I changed the \(x\)-axis title in the ab_hist fucntion, but everything else is identical the previous two notebooks. We can calculate a \(p\)-value using a truth array. The observed average gain in stress appears to be atypical given the conditions of the null hypothesis.

p = sum( avg_gains >= obs_gain ) / reps
p
0.00124

Results: Stress example

Reject the null hypothesis. There appears to be a significant increase in stress at midterms compared to the second week of the semester.

Example: Murder rates in U.S. states

The example data and research question were provided in the Data8 materials received from Berkeley (Lab 7). When investigating whether the death penalty could serve as a deterrent (and ignoring all political and moral aspects of the question), the fact that the death penalty was ruled unconstitutional by the U.S. Supreme Court in 1972 was noted as a natural experiment. The 44 states that had the death penalty at the time exprienced an indavertent pretest-posttest design.

The Data8 materials incorrectly performed an A/B test on this paired data. The resulting \(p\)-value is approximately 0.25, so the proper conclusion is to fail to reject the null which suggests the death penalty was no detterent. Murder rates were not significantly different in 1973 when compared with 1971 rates.

Yet, the correct way to test paired data is to compare the increase or decrease in each state, not to randomly reshuffle the years of 1971 and 1973 as if they were demographic labels. We will use a matched pairs design to evaluate the results as if they were a pre-post design.
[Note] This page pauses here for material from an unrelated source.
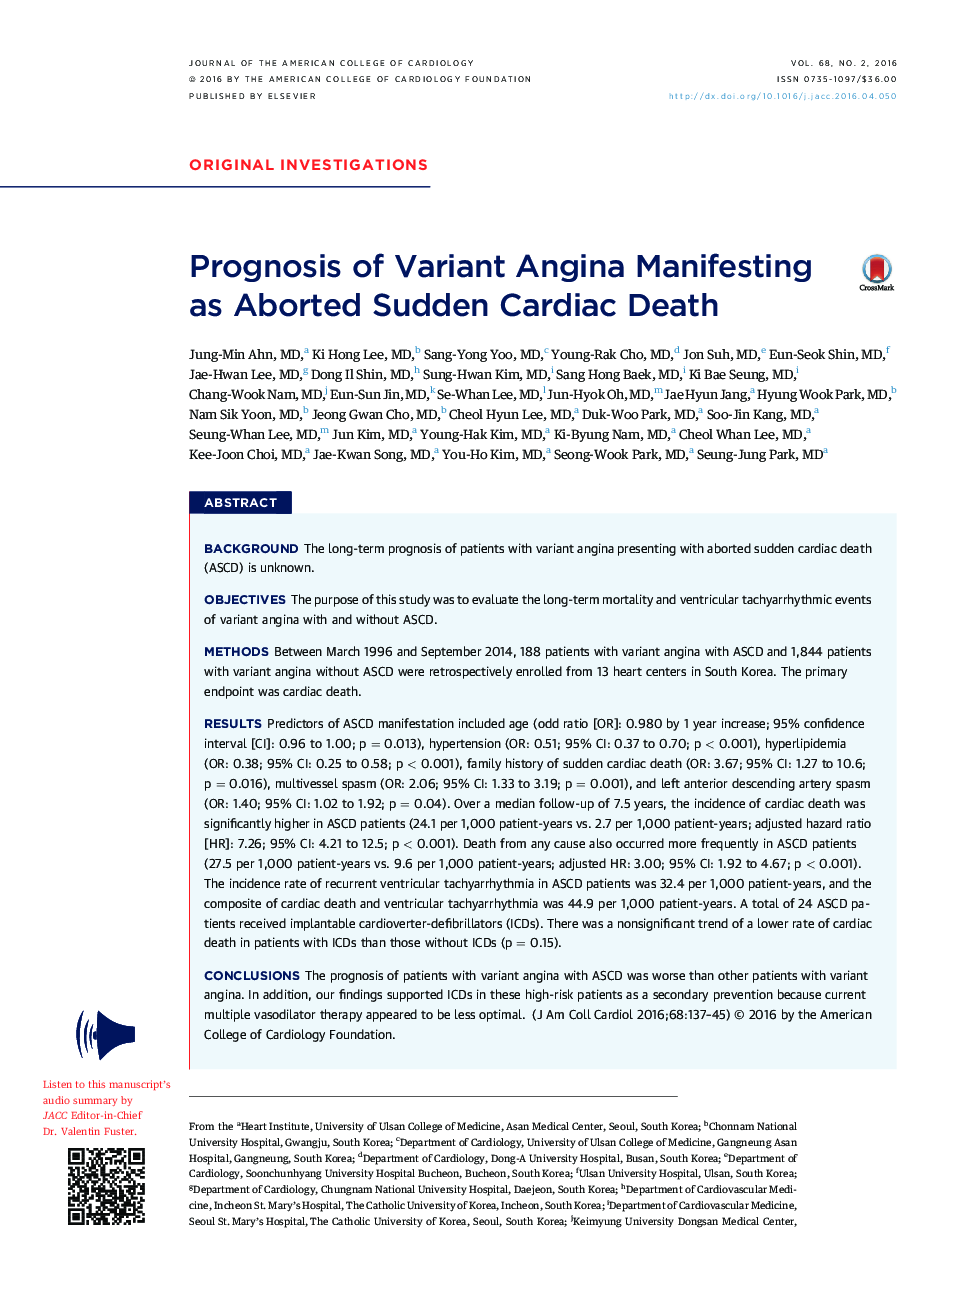 Prognosis of Variant Angina Manifesting as Aborted Sudden Cardiac Death 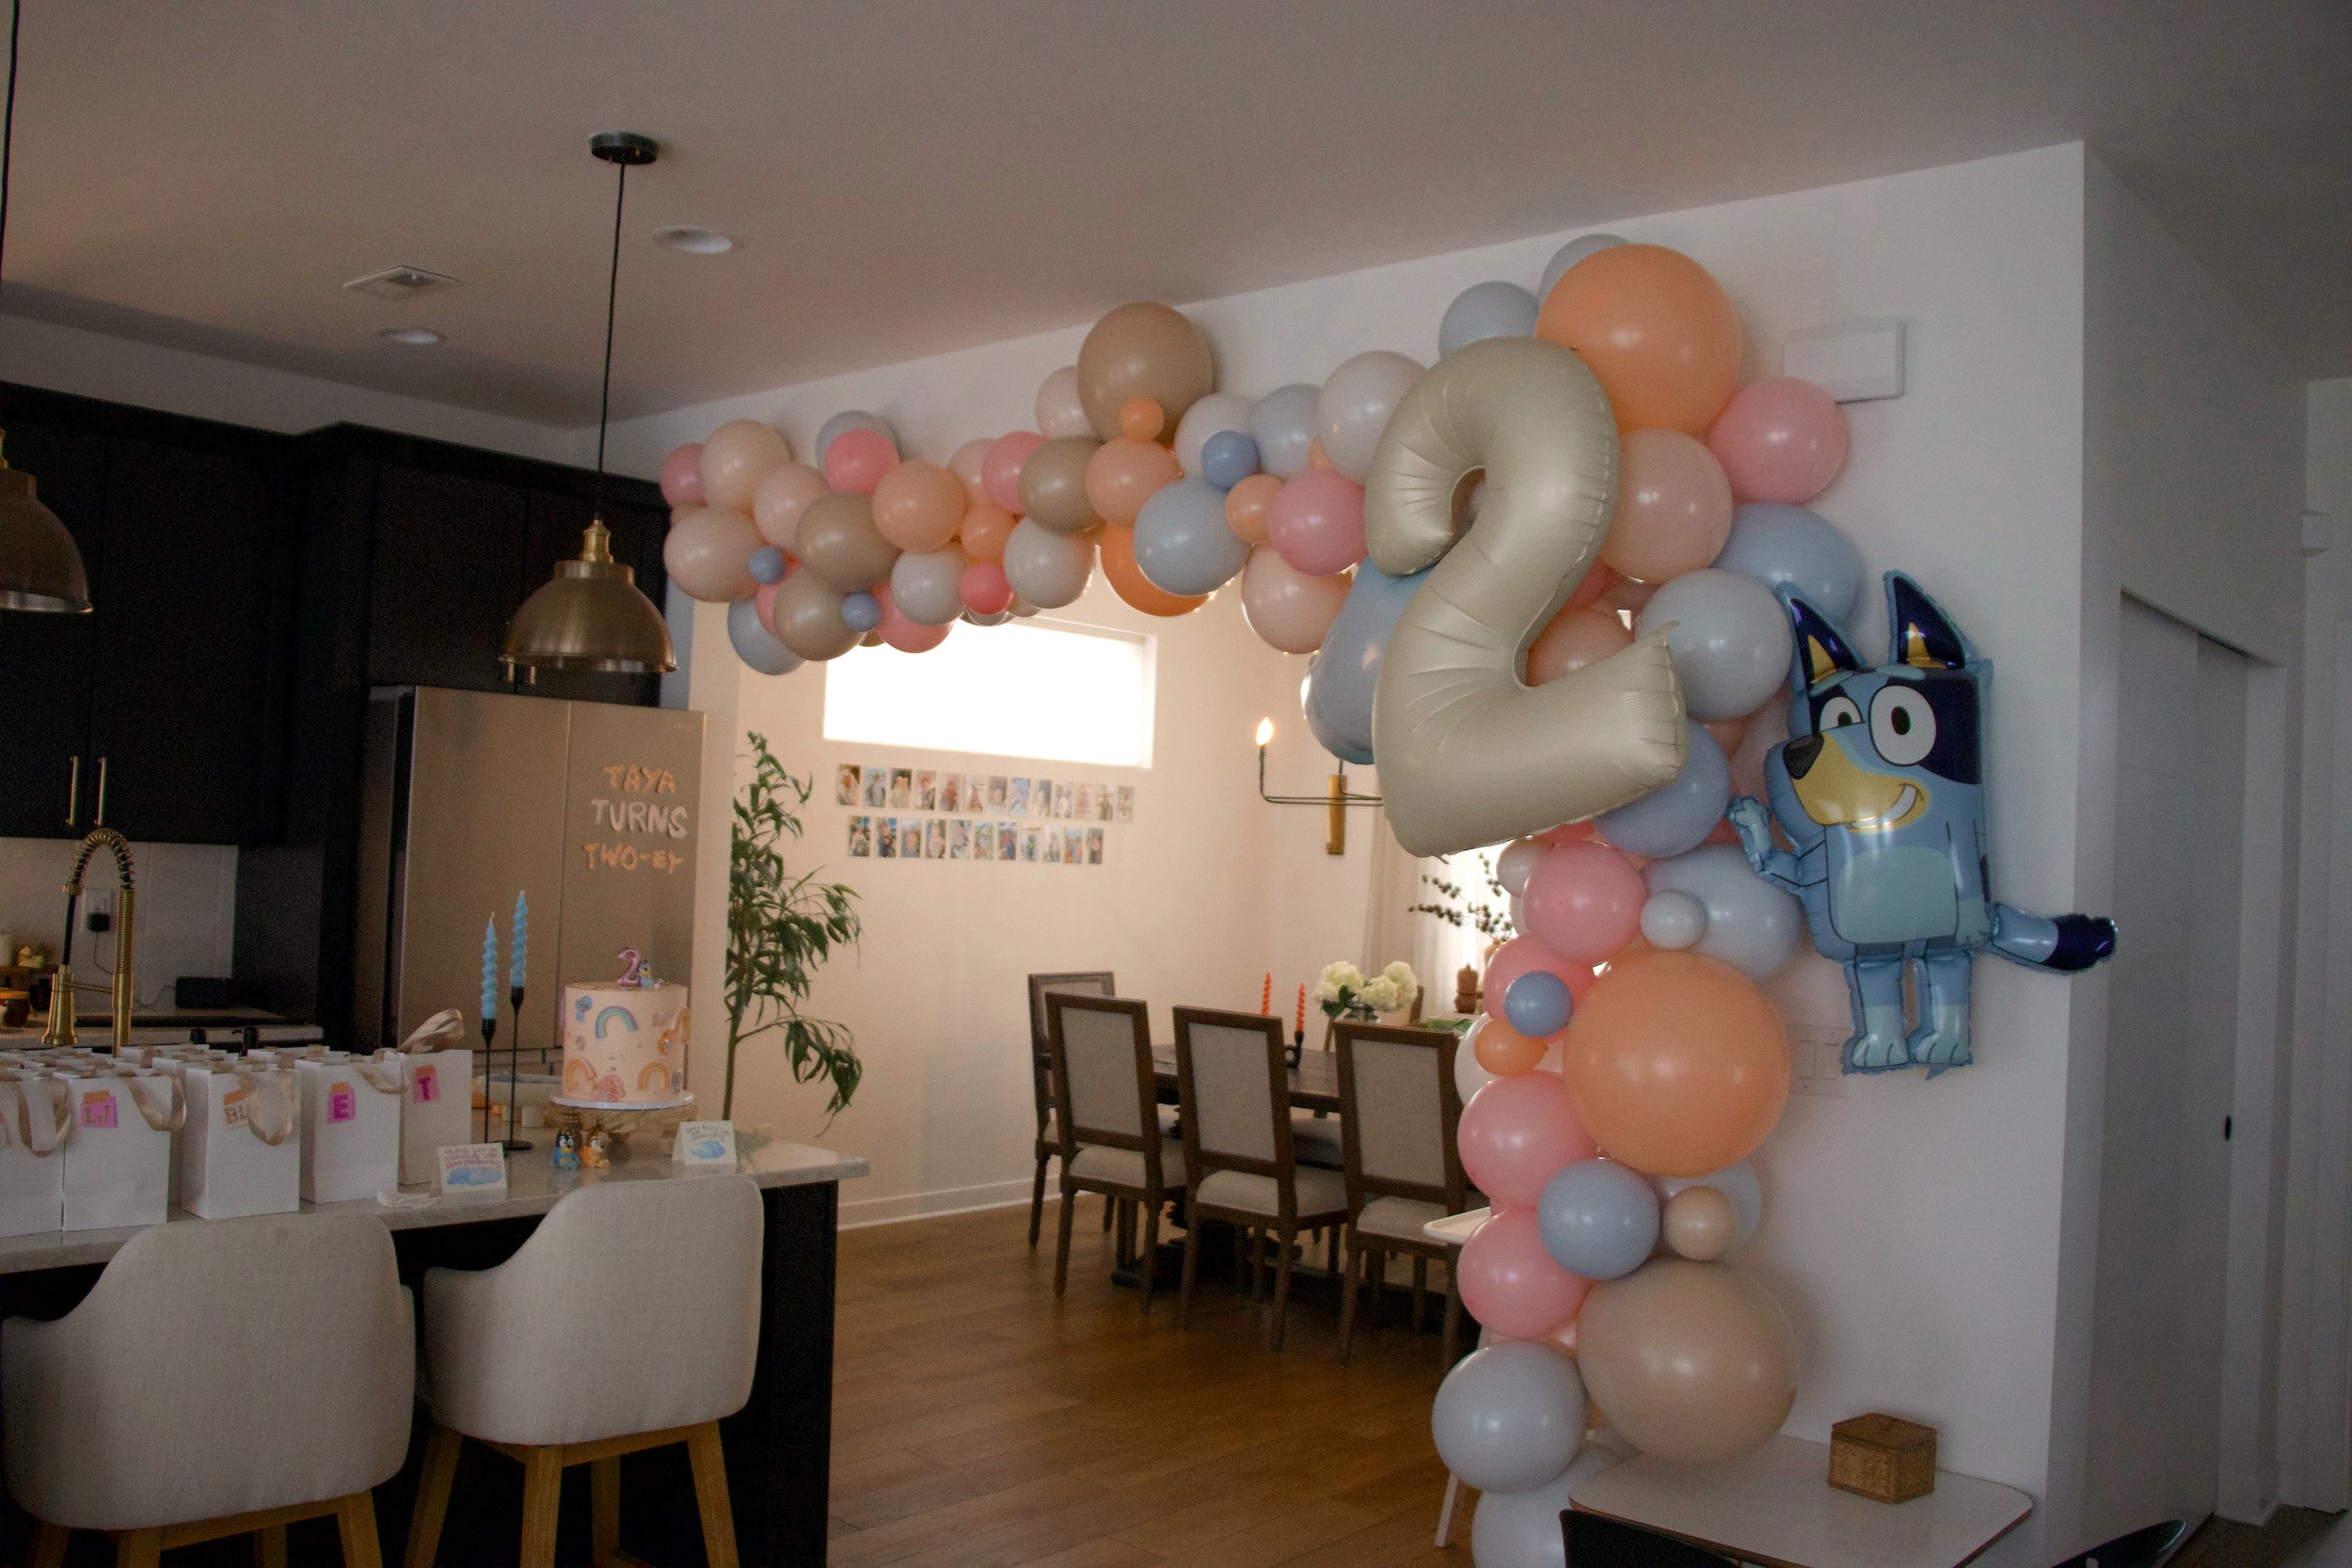 Taya Turns Two-ey (Bluey Toddler Birthday Party) - balloon arch bluey party - bresheppard.com.JPG

The code block below recreates the needed data set for our work. We have to eliminate the six states that did not have the death penalty in 1971, then isolate the murder rates in 1971 and 1973 respectively.

murder = Table.read_table('http://faculty.ung.edu/rsinn/crime_rates.csv').select('State', 'Year', 'Population', 'Murder Rate')
non_death_penalty_states = make_array('Alaska', 'Hawaii', 'Maine', 'Michigan', 'Wisconsin', 'Minnesota')
murder_1971 = murder.where('State',are.not_contained_in(non_death_penalty_states)).where('Year', 1971)
murder_1973 = murder.where('State',are.not_contained_in(non_death_penalty_states)).where('Year', 1973)
pre_post_murder = murder_1971.join('State',murder_1973).select('State','Murder Rate', 'Murder Rate_2')
pre_post_murder = (pre_post_murder
                   .relabel('Murder Rate', 'Murder Rate 1971')
                   .relabel('Murder Rate_2', 'Murder Rate 1973'))
pre_post_murder
State Murder Rate 1971 Murder Rate 1973
Alabama 15.1 13.2
Arizona 6.7 8.1
Arkansas 10.5 8.8
California 8.1 9
Colorado 6.5 7.9
Connecticut 3.1 3.3
Delaware 6.1 5.9
Florida 13.3 15.4
Georgia 16 17.4
Idaho 3.3 2.6

... (34 rows omitted)

pre = pre_post_murder.column(1)
post = pre_post_murder.column(2)
gain = post - pre

obs_murder_rate_gain = np.average(gain)
obs_murder_rate_gain
0.606818160065909
murder_rate_gain = make_array()

# Set reps to 2k or less especially if working in the cloud
reps = 25000

for i in range(reps):
    ones = np.random.choice(sign,44)
    new_avg_gain = np.average(ones * gain)
    murder_rate_gain = np.append(murder_rate_gain, new_avg_gain)
    
# Remove hashtag comment below to see the gains array   
# avg_gain_murder
ab_hist(murder_rate_gain, obs_murder_rate_gain)
../_images/2_28_0.png
p_val = sum( murder_rate_gain >= obs_murder_rate_gain ) / repetitions
p_val
---------------------------------------------------------------------------
NameError                                 Traceback (most recent call last)
<ipython-input-19-cce8cc2cce9a> in <module>
----> 1 p_val = sum( murder_rate_gain >= obs_murder_rate_gain ) / repetitions
      2 p_val

NameError: name 'repetitions' is not defined

When the appropriate testing method is used, we reject the null and find a signficant positive difference between the prestest (1971 murder rates) and the posttest (1973 murder rates). Evidence suggests the death penalty may be a deterant.